1/6/2020
Abstraction seemed
one way to fly over, leaving pesky details to bloody themselves on
prairie or white sand, but news that the shoreline has receded half a
foot a year since the 1920s puts the fear of god into our metaphorical
field. She writes that thinking of feelings as passing clouds does
nothing to alleviate her anger over climate change. A new metaphor
would confess to the current turmoil, highway lined with dead
animals in Australia, war clouds (which are at least dark) gathering
over mourners who vow to trade tooth for tooth. (The metaphor started
here, the correspondent says petulantly.) Who’s to argue with prophets or
profits? One prophet got a good sneaker deal and jogs around the
desert with tablet in hand (you can see the Apple icon in the
corner); another drives a Ford truck like the one vandalized next
door. When they meet in committee to discuss their investment in
futures, they weigh prophecy against loss, aiming to say only enough
that we fill the churches. Our Lady of the Freeways packs them in! Book deals are crucial, like the one Moses should have had on his
commandments, so don’t say anything out loud until you get your
advance. Advances are what it’s all about. Not the avant, whether
military or art, but cold cash offered before your foretelling
crashes like the Dow. You’d think that with this prognosis the name of the
game would be self-help: How to Abide the Coming Crisis.
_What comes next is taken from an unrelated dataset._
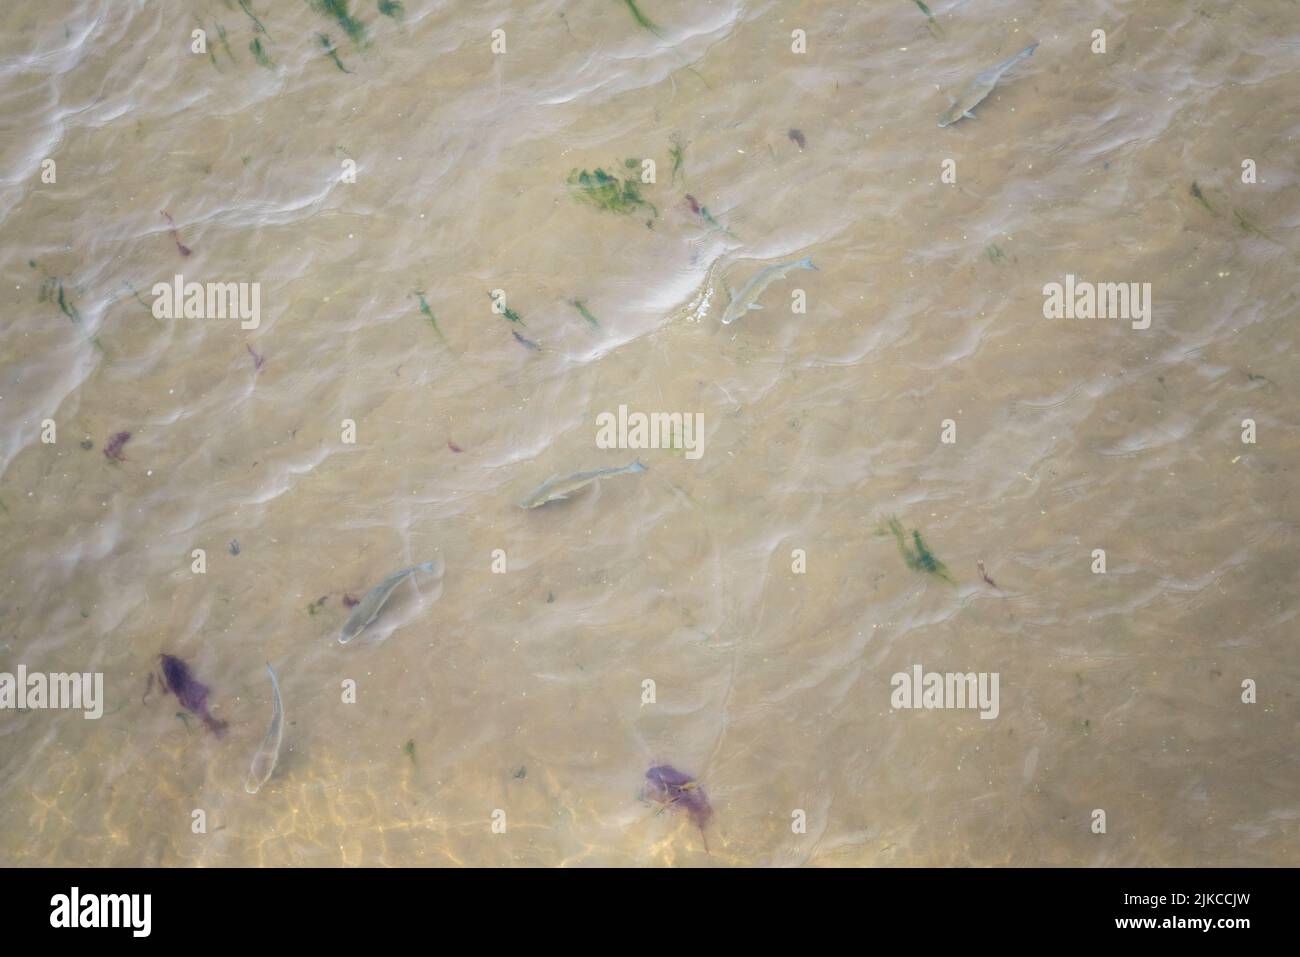 Grands poissons nageant dans des eaux peu profondes à marée basse au large de Southend on Sea, Essex, Royaume-Uni. Front de mer de boue avec algues. Vue de dessus Banque D'Images

But the gang
of eight or ten or twenty-four knows other books sell better: How to
Construct Your Anti-Nuclear Hut, or How to Write Love Letters to Dear
Leader. In that instance, you need only spell out your sycophancy,
knowing it a difficult spell. (Took me three tries, with spell
check.) Exaggerate your words of affection, and never tease the
Leader, because he lacks social skills. Just pinch pen and make your
strokes broad and straight and bold. Do not hold back; mixed feelings
are no longer permitted by writ of the packed court. Do not entertain
any judge who hesitates to mete punishment, or any leader who fails
to threaten destruction of cultural sites. “War crimes” were
already a contradiction in terms, so why obey a hollow rule? Remember
when we failed to bomb them into the stone age? Second chances happen
for those who wait. It’s the quarterback’s fault
we’re a divided people. All that kneeling and no tackling. No
wonder he hasn’t had a job since. But I’ve dropped my too too
happy abstraction, strained my tea for too long in the brown waters
of the river, call it Babylon. A neighbor up the hill’s license
plate reads TIGRIS. From One to Another Paradise, the tour brochure
might read. We take you from the base of sheer tropical mountains to
the river where civilization began. You return home to smoke your
weed on Sundays. We’ve broken chronology, pulled it all into the
present tense, heard you calling in air strikes in Ahuimanu. At the
Mauna, Spring promises bulldozers and men in electric green shirts.
Until then, attend to the birds and trucks.